Here is the complete code to fetch data, run a regression model with 5-fold cross-validation, and evaluate the model’s performance using RMSE, R2, and MAE.
from sklearn.datasets import fetch_california_housing
from catboost import CatBoostRegressor
from sklearn.model_selection import cross_val_predict
from sklearn.metrics import mean_squared_error, median_absolute_error, r2_score
def main():
"""
start of the code
"""
# fetch housing data and labels
hdata = fetch_california_housing()
X, y, headers = hdata['data'], hdata['target'], hdata['feature_names']
# print(headers)
# print(X)
# print(y)
# run regression model with 5-fold CV
clf = CatBoostRegressor(verbose=False)
preds = cross_val_predict(clf, X, y, method="predict")
# calculate prediction performance
print("R2 score: ", r2_score(y, preds))
print("Root Mean Square Error: ", mean_squared_error(y, preds, squared=False))
print("Mean Absolute Error: ", median_absolute_error(y, preds))
if __name__ == "__main__":
main()
Output of the code:
The above code returns the following output:
R2 score: 0.722705761583593
Root Mean Square Error: 0.6076439964109932
Mean Absolute Error: 0.3142923456700748
Suppose you have to run a predictive regression model on a dataset. In that case, you need to extract features (X) and targets (y) from the data and apply a regression algorithm on X and y to estimate the prediction.
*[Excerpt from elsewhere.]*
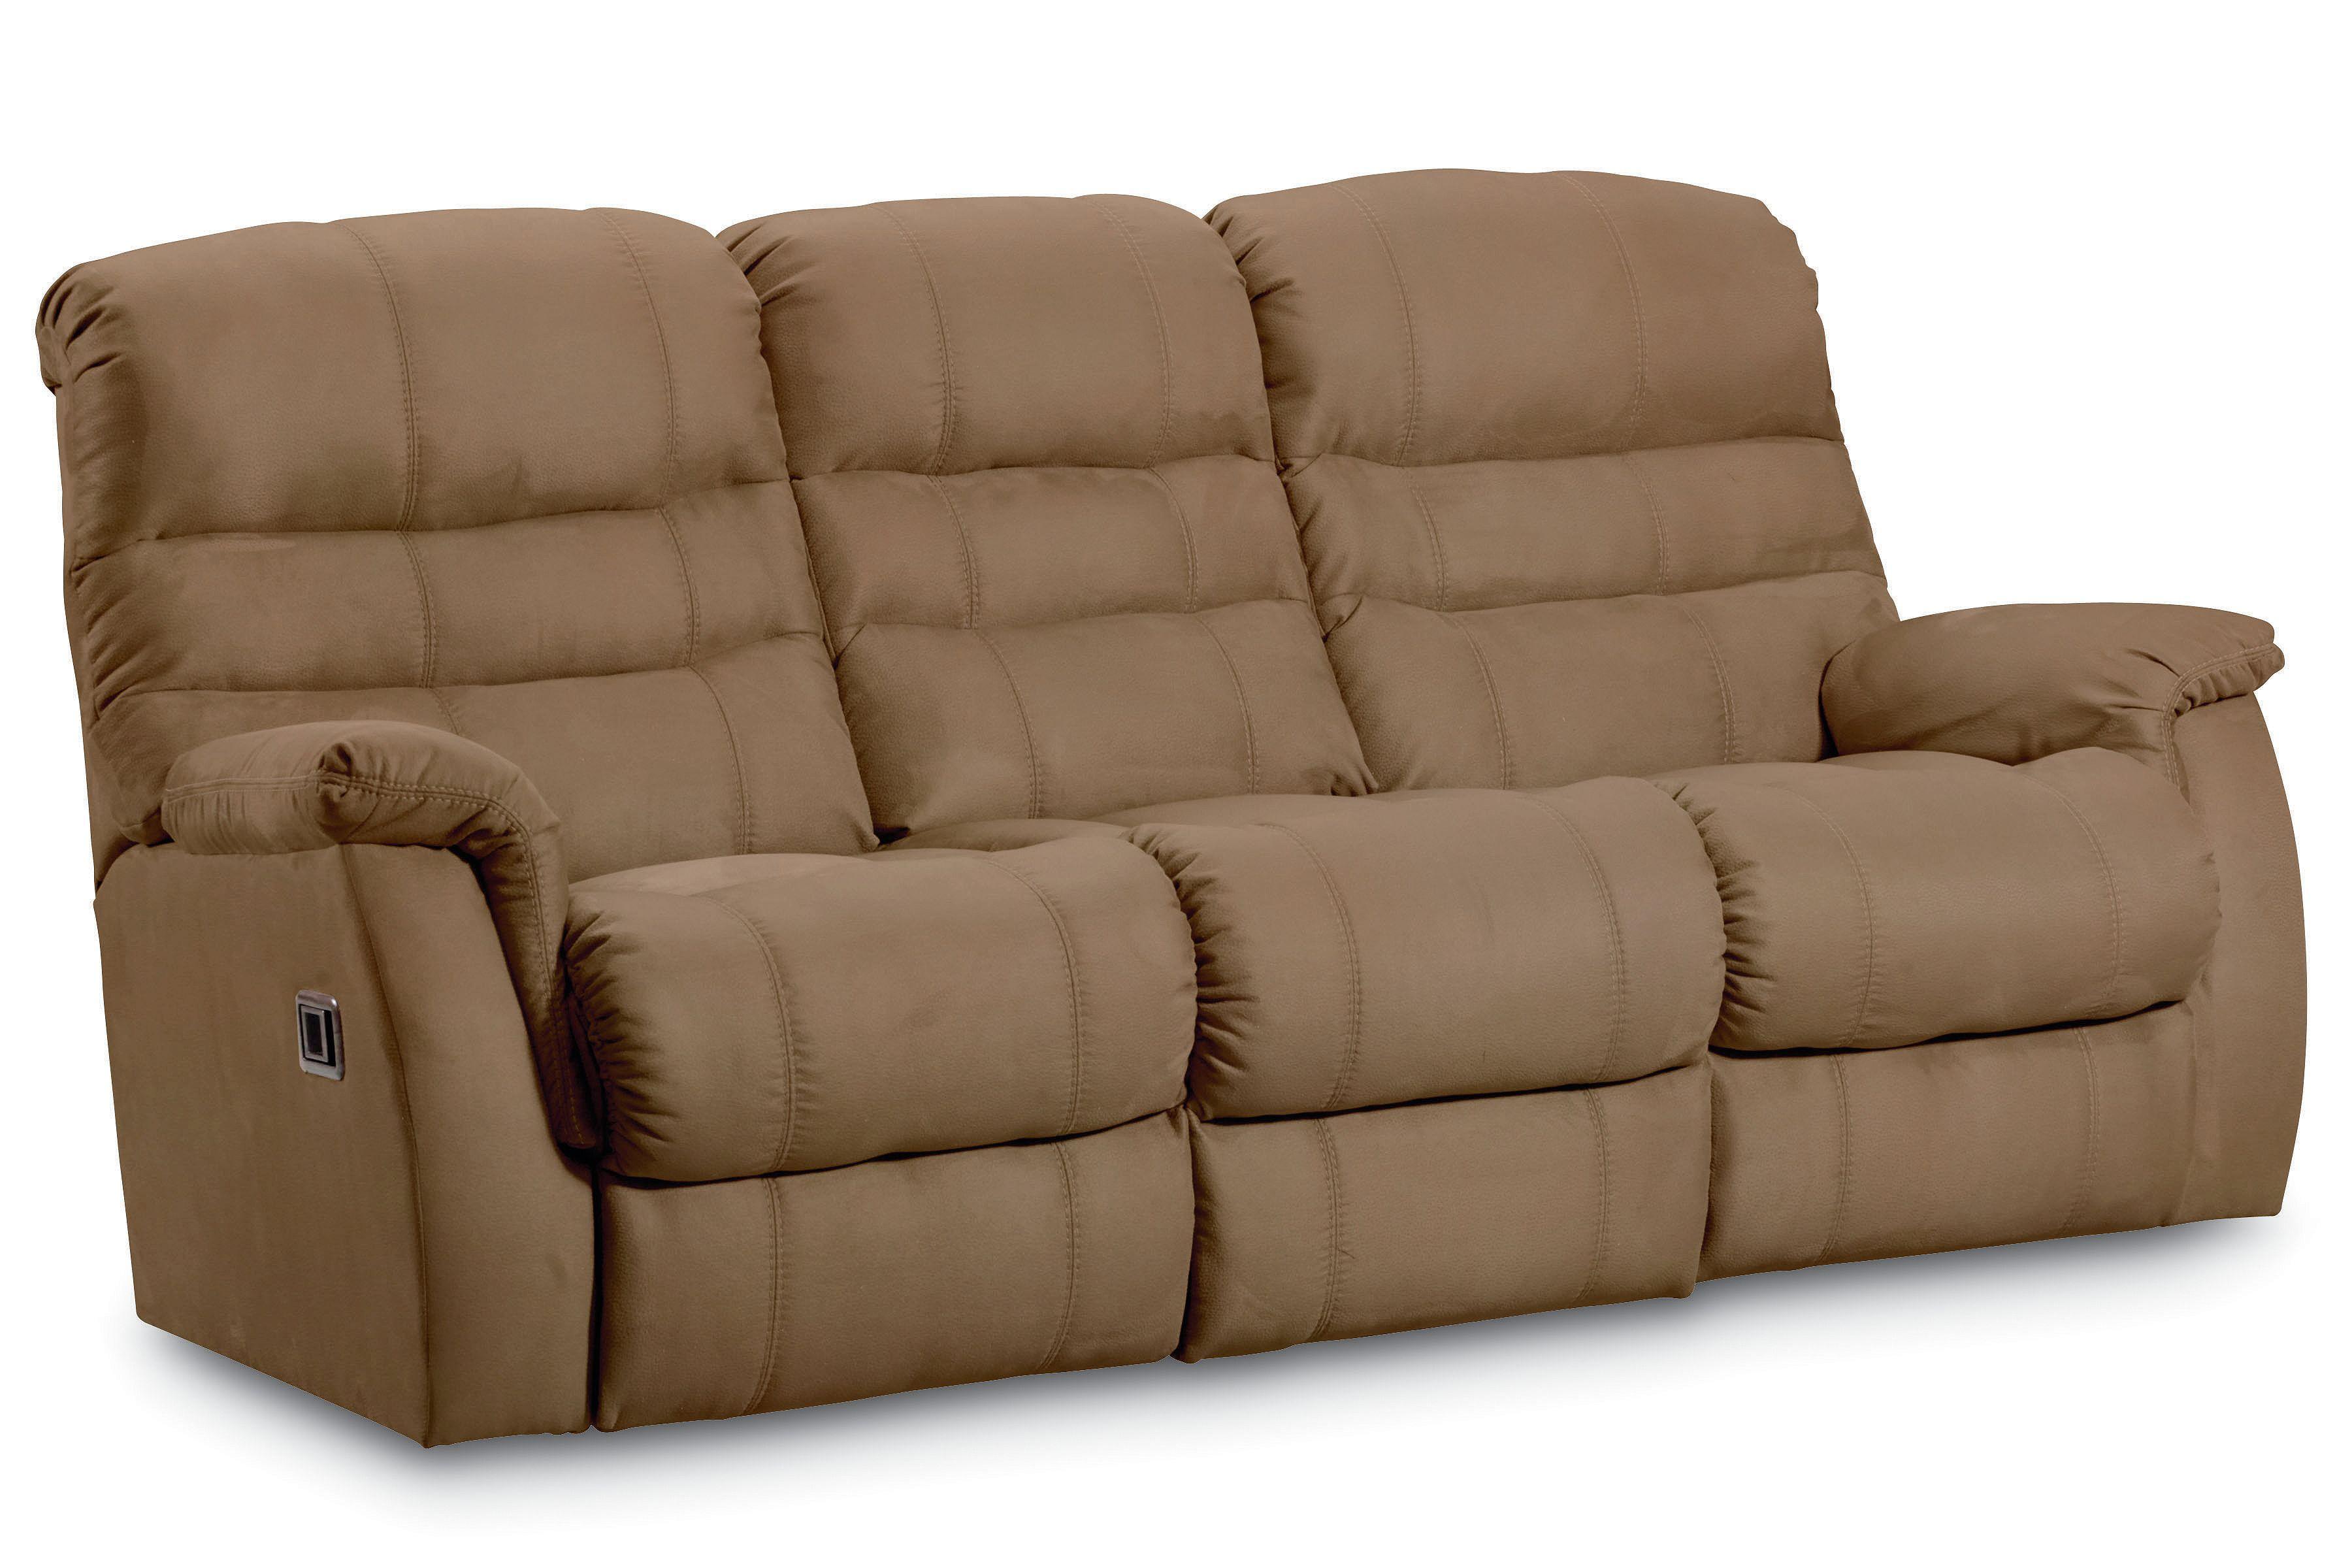 Lane Garrett 328 39 Casual Garrett Double Reclining Sofa Miller Brothers Furniture Reclining

If you have separate train and test sets, you can train the model on the train set using the fit() function of the CatBoost library and test the fitted model on the test set using predict() function.
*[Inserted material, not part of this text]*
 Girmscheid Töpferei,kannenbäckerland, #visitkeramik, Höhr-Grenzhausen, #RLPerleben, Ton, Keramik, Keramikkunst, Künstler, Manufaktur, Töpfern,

Here is an example to show how to use fit() and predict() functions:
from sklearn.datasets import fetch_california_housing
from catboost import CatBoostRegressor
from sklearn.metrics import mean_squared_error, median_absolute_error, r2_score
from sklearn.model_selection import train_test_split
def main():
"""
start of the code
"""
# fetch housing data and labels
hdata = fetch_california_housing()
X, y, headers = hdata['data'], hdata['target'], hdata['feature_names']
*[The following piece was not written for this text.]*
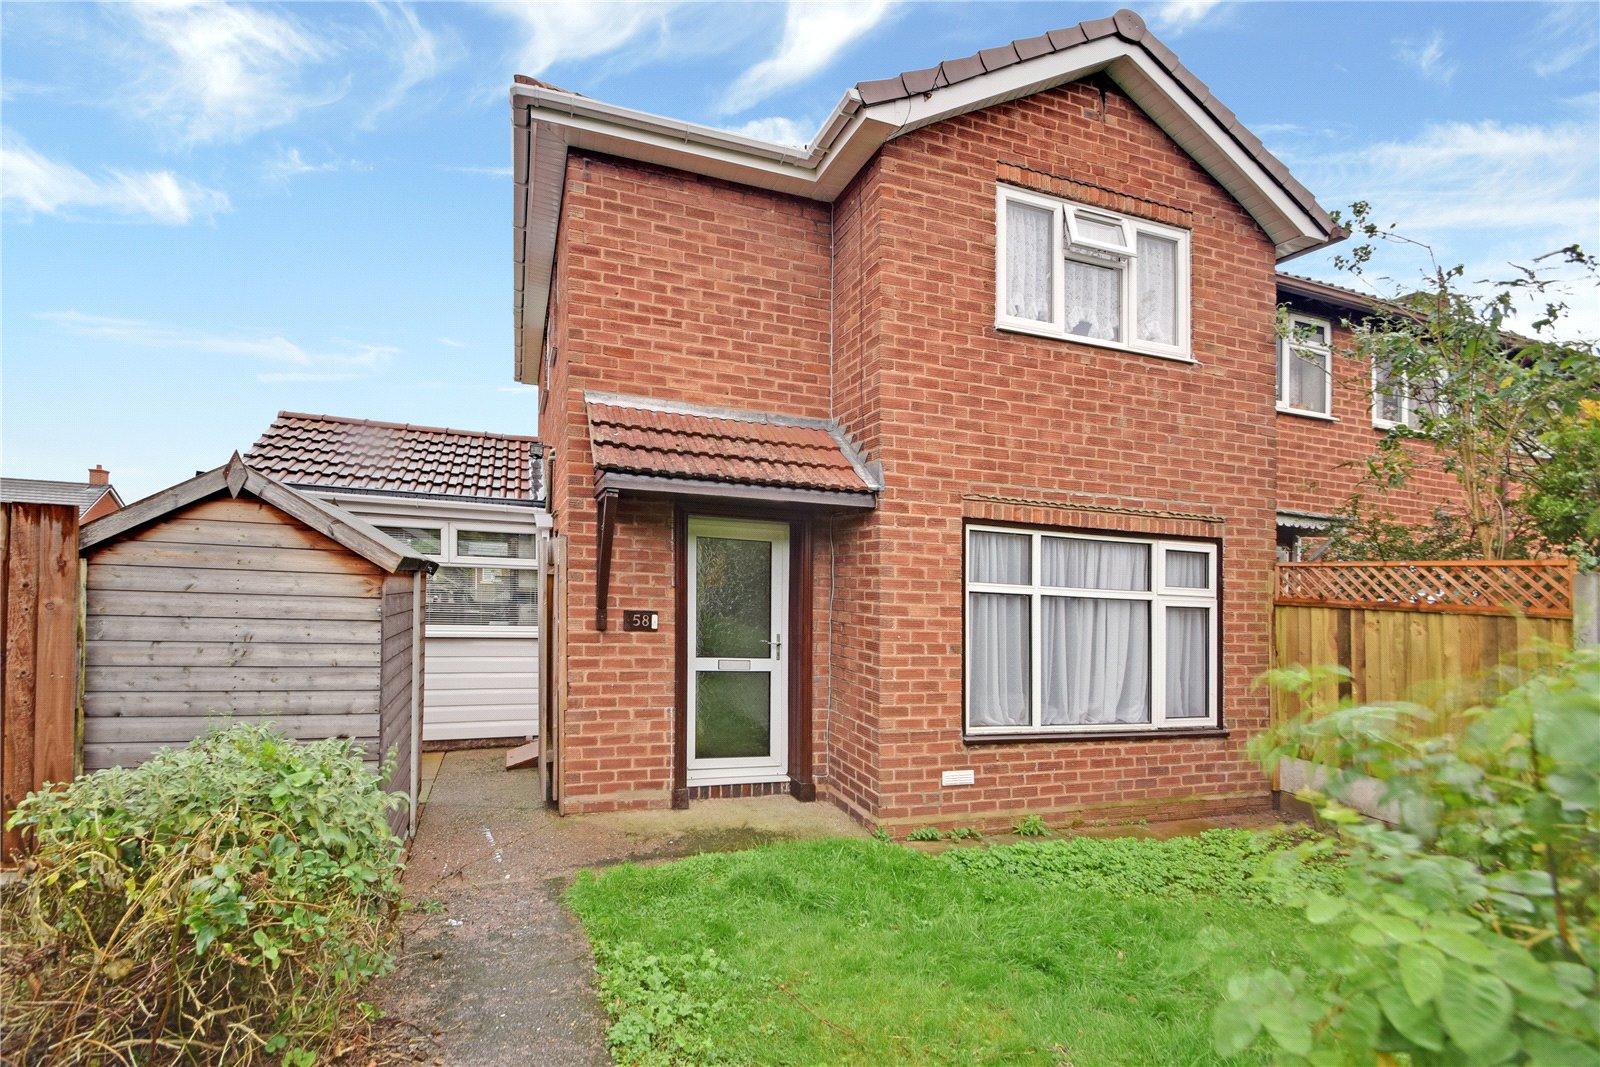 58 Rhea Hall Estate, Highley, Bridgnorth, Shropshire, WV16
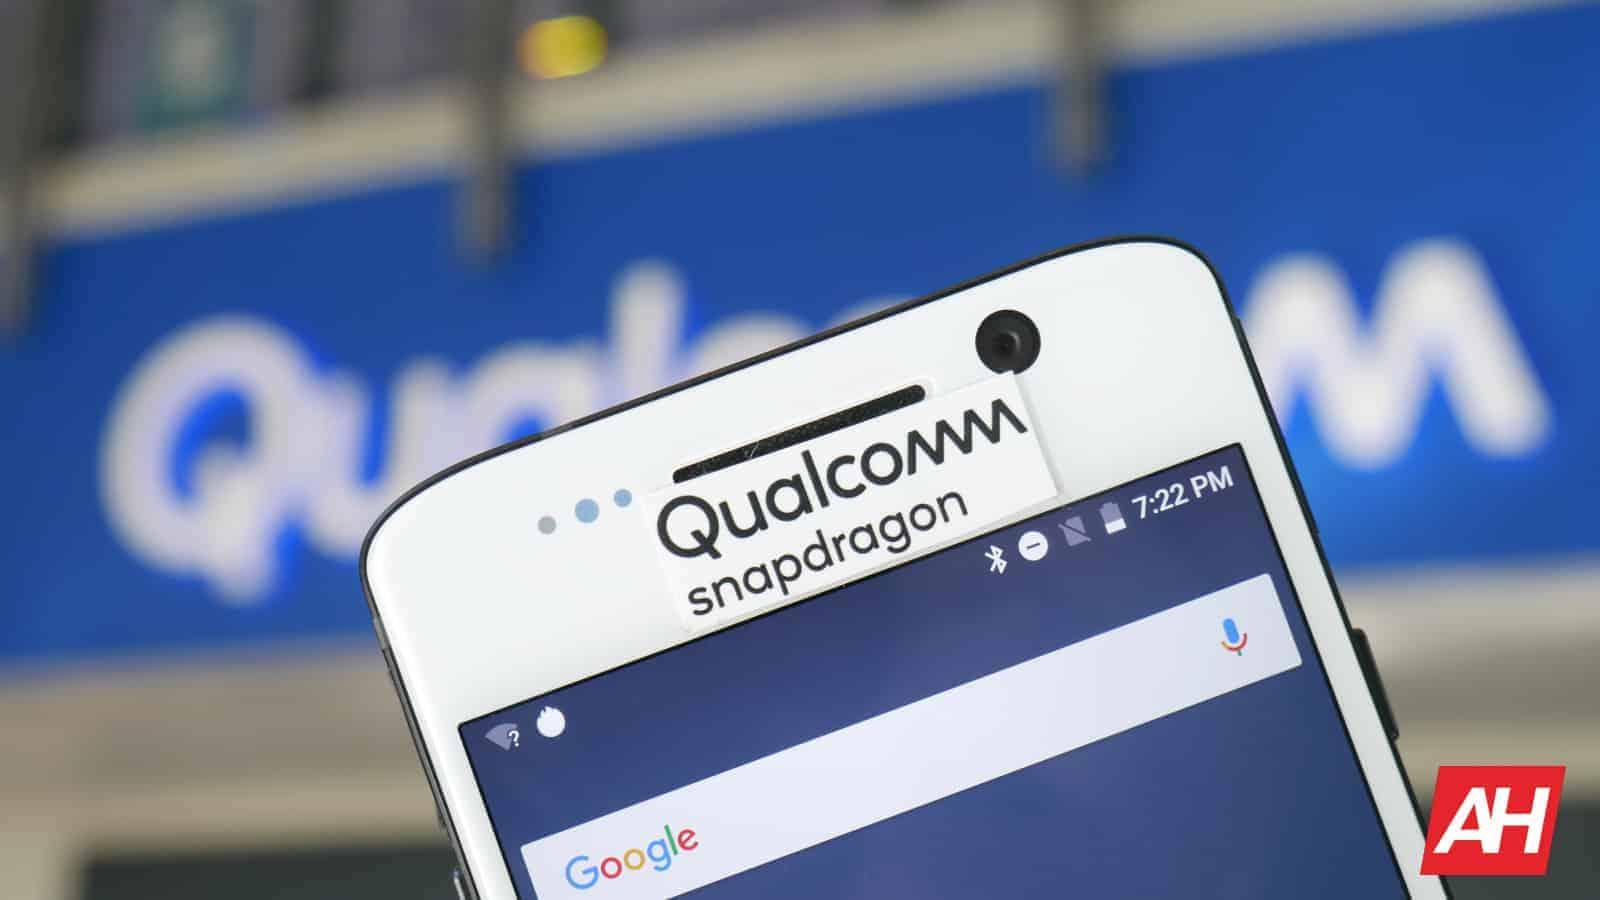 Qualcomm Snapdragon AH 6

# split data into train (60%) and test (40%) sets
X_train, X_test, y_train, y_test = train_test_split(X, y, test_size=0.40, random_state=1234)
# train the model
clf = CatBoostRegressor(verbose=False)
clf.fit(X_train, y_train)
# test the model
preds = clf.predict(X_test)
# calculate prediction performance
print("R2 score: ", r2_score(y_test, preds))
print("Root Mean Square Error: ", mean_squared_error(y_test, preds, squared=False))
print("Mean Absolute Error: ", median_absolute_error(y_test, preds))
if __name__ == "__main__":
main()
Please let me know if any syntax does not make sense.